Interest in the National Pension System has surged in recent months as policy enhancements and structural updates have made the retirement platform more flexible and appealing for investors. If you’re planning to invest in NPS, understanding the difference between its two main structures—the traditional Common Scheme and the newer Multiple Scheme Framework (MSF)—is essential before making a decision.

Two Investment Structures Within NPS

The NPS currently offers two distinct frameworks:


  • Common Scheme (Traditional Structure)


  • Multiple Scheme Framework (MSF)


  • Both serve the same retirement goal but differ significantly in flexibility, customization, and investment choices.

    How the Common Scheme Works

    The Common Scheme follows a standardized investment process designed to be simple and uniform for all subscribers. Under this structure, an investor can select only one scheme per tier and decide how funds are allocated among asset classes.


    Investors can choose between two allocation styles:

    Active Choice

    Here, you decide how much to invest in:



    • Equities (stocks)


    • Corporate bonds


    • Government securities



    Allocation depends on your risk appetite. Younger investors may choose higher equity exposure for growth, while conservative investors may prefer safer assets.

    Auto Choice

    In this option, asset allocation is automatically determined based on pre-set life-cycle models such as Life Cycle 25, 50, or 75. These adjust investments according to age:



    • Younger investors → higher equity allocation


    • Older investors → more funds in safer instruments



    This automatic rebalancing makes it suitable for those who want a hands-off approach.

    Advantages of the Common Scheme

    The Common Scheme’s structured design offers stability and simplicity. Because it has limited customization, it’s often considered ideal for long-term retirement planners who prefer minimal changes in their portfolio strategy.


    There is also a cap on equity exposure—generally up to 75%, which gradually reduces as the subscriber ages. This mechanism helps lower risk as retirement approaches.


    Investors who want conservative options can even allocate their entire corpus to government securities for maximum safety.

    What Is the Multiple Scheme Framework (MSF)?

    The MSF is a newer and more flexible structure introduced to expand choice for subscribers.
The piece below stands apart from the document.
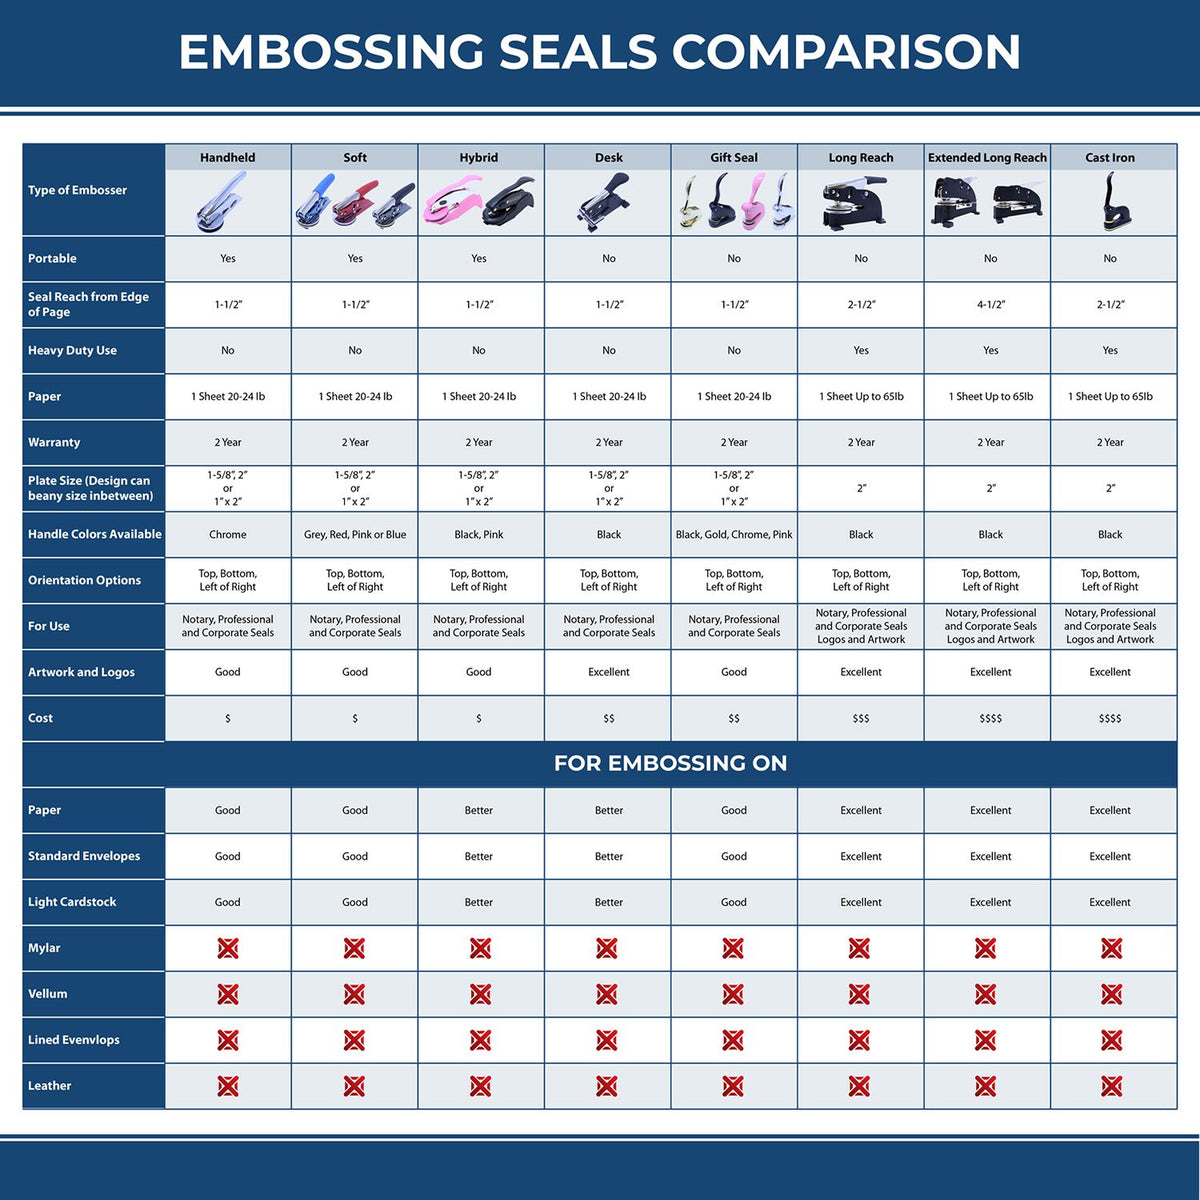 A comparison chart for the different types of mount models available for the Heavy Duty Cast Iron Maryland Engineer Seal Embosser.

Unlike the single-scheme approach, MSF allows pension fund managers to offer multiple investment schemes tailored to different investor profiles.


    For example, schemes can be designed specifically for:



    • Women investors


    • Gig workers


    • Self-employed individuals


    • Long-term aggressive investors



    This means investment strategies can be customized based on lifestyle, profession, and financial goals—something not possible in the traditional structure.

    Wider Choice Under One Account

    One of MSF’s biggest advantages is that it allows multiple schemes under a single PRAN (Permanent Retirement Account Number). Currently, around 16 schemes are available within this framework, giving investors a wide range of options without needing multiple accounts.


    Various pension fund managers offer different strategies. Some focus on long-term equity growth, while others emphasize balanced or conservative approaches. This variety helps investors diversify their retirement portfolio more efficiently.

    Key Differences at a Glance



    Feature Common Scheme MSF



























    Flexibility Limited High
    Number of schemes One per tier Multiple options
    Customization Minimal Personalized
    Investor control Moderate Extensive
    Suitable for Simple, long-term investors Active, goal-based investors
    Which Option Might Be Better for You?

    The right choice depends on your financial goals, risk tolerance, and level of involvement:



    • Choose Common Scheme if:
      You want a straightforward retirement plan, minimal monitoring, and predictable asset allocation.


    • Choose MSF if:
      You prefer flexibility, want tailored strategies, or plan to actively manage your retirement investments.


    Final Verdict

    Both NPS structures are designed to help you build a retirement corpus, but they cater to different types of investors. The Common Scheme offers simplicity and stability, while the MSF provides customization and broader investment choices. Before deciding, assess your risk appetite, investment knowledge, and retirement goals. Selecting the right structure today can significantly influence the financial comfort you enjoy after retirement.